Not that this really changes much. I’m still living below the poverty level. I’m still trying to get my homework done on time. I’m still trying to figure out how to market my book so people will buy it. And I am still fighting tooth and nail with the second book. I swear that for every thousand words I write, I go back and delete eight hundred. Despite my power of positive thinking that I have been trying so desperately to practice, I am still floundering on that one. The editor who worked on Man Enough sent me an email the other day asking how it was going and I told her that it was going badly. She emailed me back that she was sending me good vibes. It helped. I wrote well that day. Maybe it was just the centering from knowing someone was sending me good thoughts. Or maybe she helped me focus my own good thoughts. Either way, it helped. I need to figure out how to do that every single day on my own. So, that’s where I am with that. My goal for the next week is to maybe spend a few minutes of each morning (maybe during morning yoga) just focusing positive thoughts and maybe some visualizations on Andy’s Song.

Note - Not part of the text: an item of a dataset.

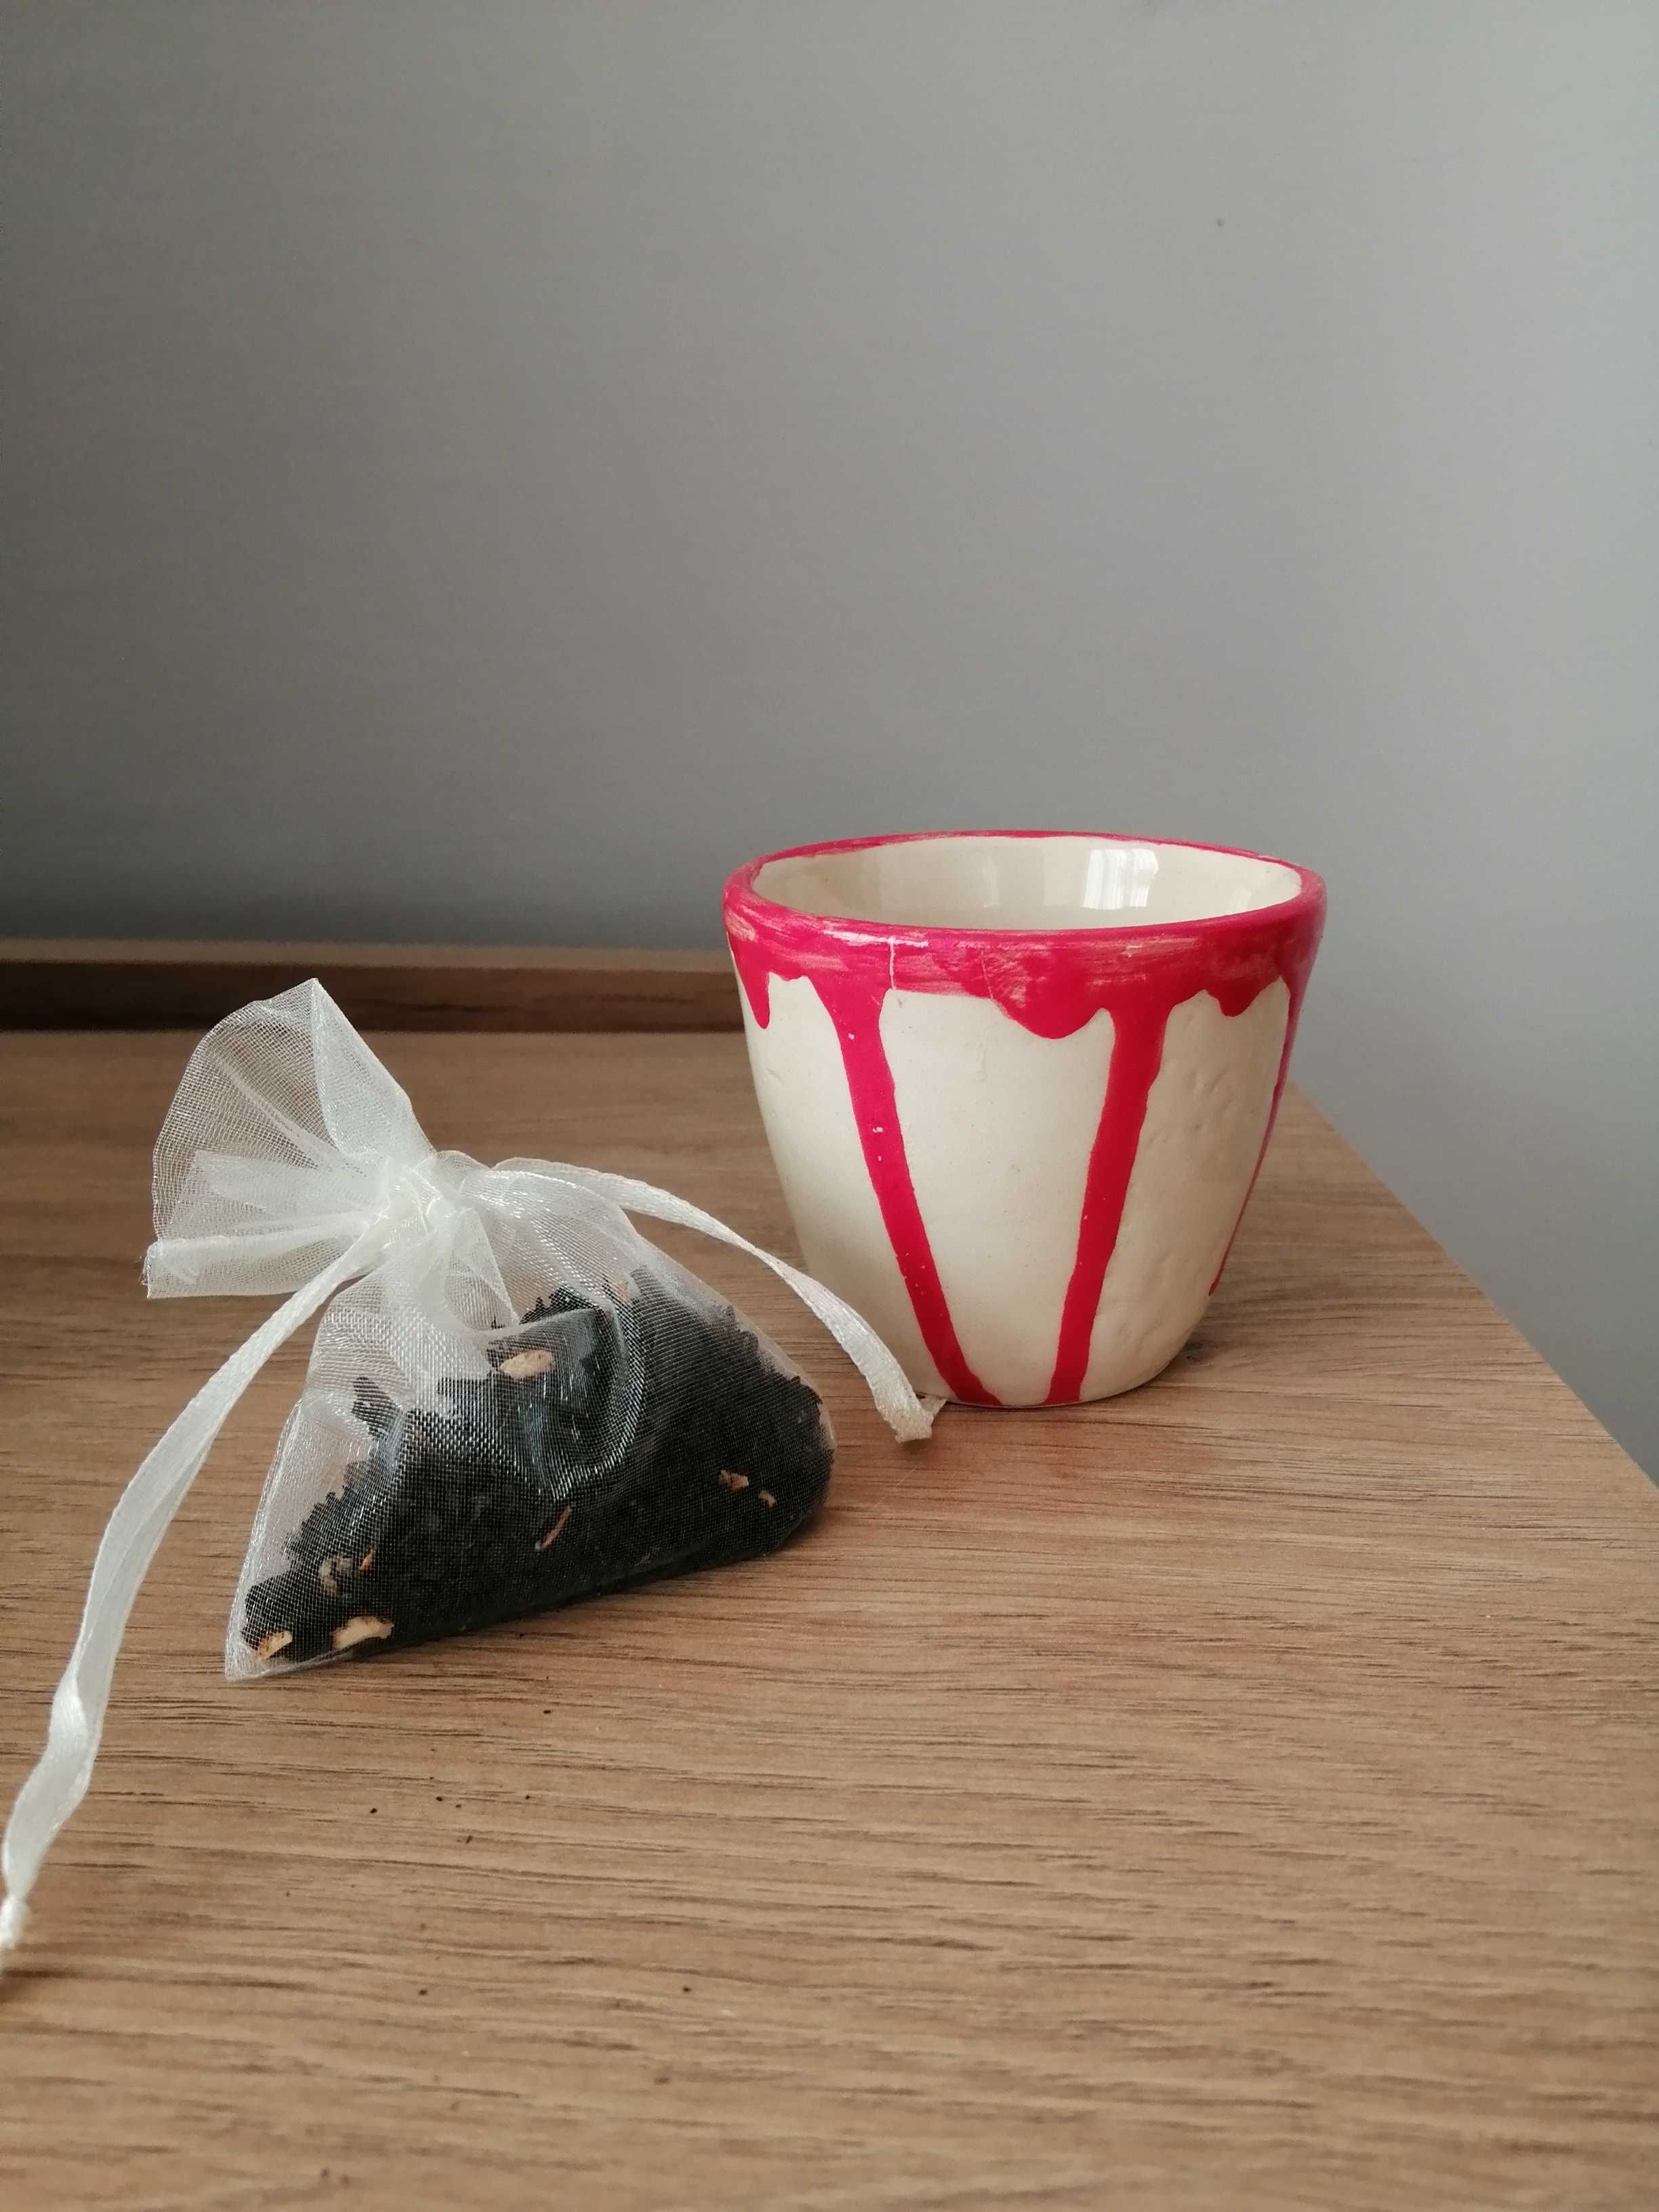 1. Nowy! Zestaw herbata + filiżanka porcelanowa

In the meantime, I am now an  Award-Winning Novelist! Boo-ya! I am kind of coasting on the excitement of that. I did scream (loudly) when I found out, causing Lucretia to come tearing in with her hand over her heart thinking I was dying or that I had seen a snake or something. I then forwarded the email to my mother, my stepmother, and my publisher. (That’s telling, isn’t it?)

Well, being an *A*ward-*W*inning *N*ovelist definitely comes with some responsibility. I have a responsibility now to get the word out there about Man Enough. I have a responsibility to finish Andy’s Song so I can move on to the next novel that is already pushing at my brain. And I have a responsibility to be absolutely fabulous at all times. (That’s the easy part, at least.)

So, keep your eyes open. Who knows? Maybe soon you’ll see me strutting across the stage of the Ellen show or Oprah’s new show. Hey! It could happen!